Metabolism plays a crucial role in autophagy-regulated functions of stem cells . Current research indicates that glycolysis, lipid metabolism and glutamine metabolism can affect HFSC activation in hair follicles [5, 19]. However, it remains unclear whether autophagy activates HFSC by regulating metabolism, or which specific type of metabolism is involved. To further explore the mechanism by which autophagy regulates HFSC activation, we conducted transcriptome sequencing and found that autophagy may be associated with glycolysis. Further experiments confirmed that autophagy could regulate HFSC glycolysis (Figs. 4 and 5) by upregulating Ldha expression and activity, and promoting lactate production in HFSCs. Flores et al. suggested that HFSCs utilize glycolytic metabolism more than other skin epidermal cells, and that the increased production of lactate seems crucial for HFSC activation . By knocking out Ldha, we confirmed the effect of upregulated-glycolysis on autophagy-mediated HFSC activation and the initiation of hair follicle anagen. Transcriptome data analysis revealed that the glycolytic enzyme LDHAL6A may also play a role in autophagy-mediated HFSC activation (Fig. 5G, H). However, the specific mechanisms by which autophagy regulates glycolysis in HFSCs remain to be explored. In addition, because of the involvement of metabolic changes and cell reprogramming in our study, it is necessary to further investigate whether autophagy in HFSCs and their progeny includes other types of autophagy, such as chaperone-mediated autophagy or mitophagy. Furthermore, as autophagy plays a significant role in preventing aging and regulating sebaceous gland function, the effects of autophagy on other constituent cells of hair follicles should be explored in the future [20, 21].

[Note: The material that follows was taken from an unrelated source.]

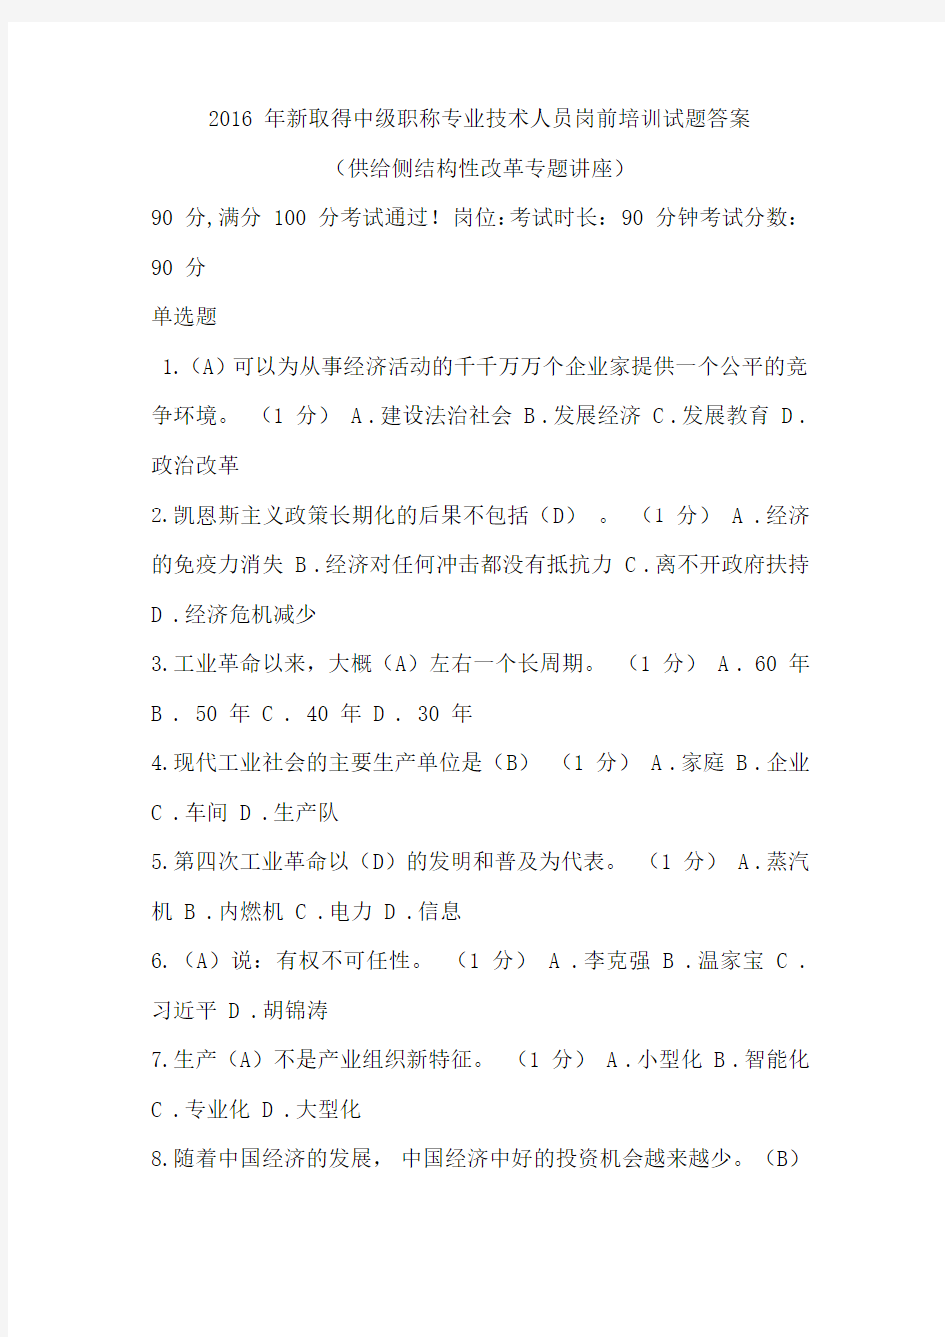 2016 年重庆市新取得中级职称专业技术人员岗前培训试题答案(供给侧结构性改革专题讲座)

In conclusion, autophagy activates HFSCs and regulates the hair follicle cycle to promote hair regeneration by enhancing Ldha expression and activity in HFSCs, leading to increased lactate production and a shift in HFSCs metabolism toward glycolysis. Moreover, pharmacological interventions targeting autophagy have been shown to promote HFSCs activation and restore the stem cell properties of some progeny cells. These results emphasize that autophagy is a novel target for activating HFSCs and regulating the hair follicle cycle in the treatment of human hair loss.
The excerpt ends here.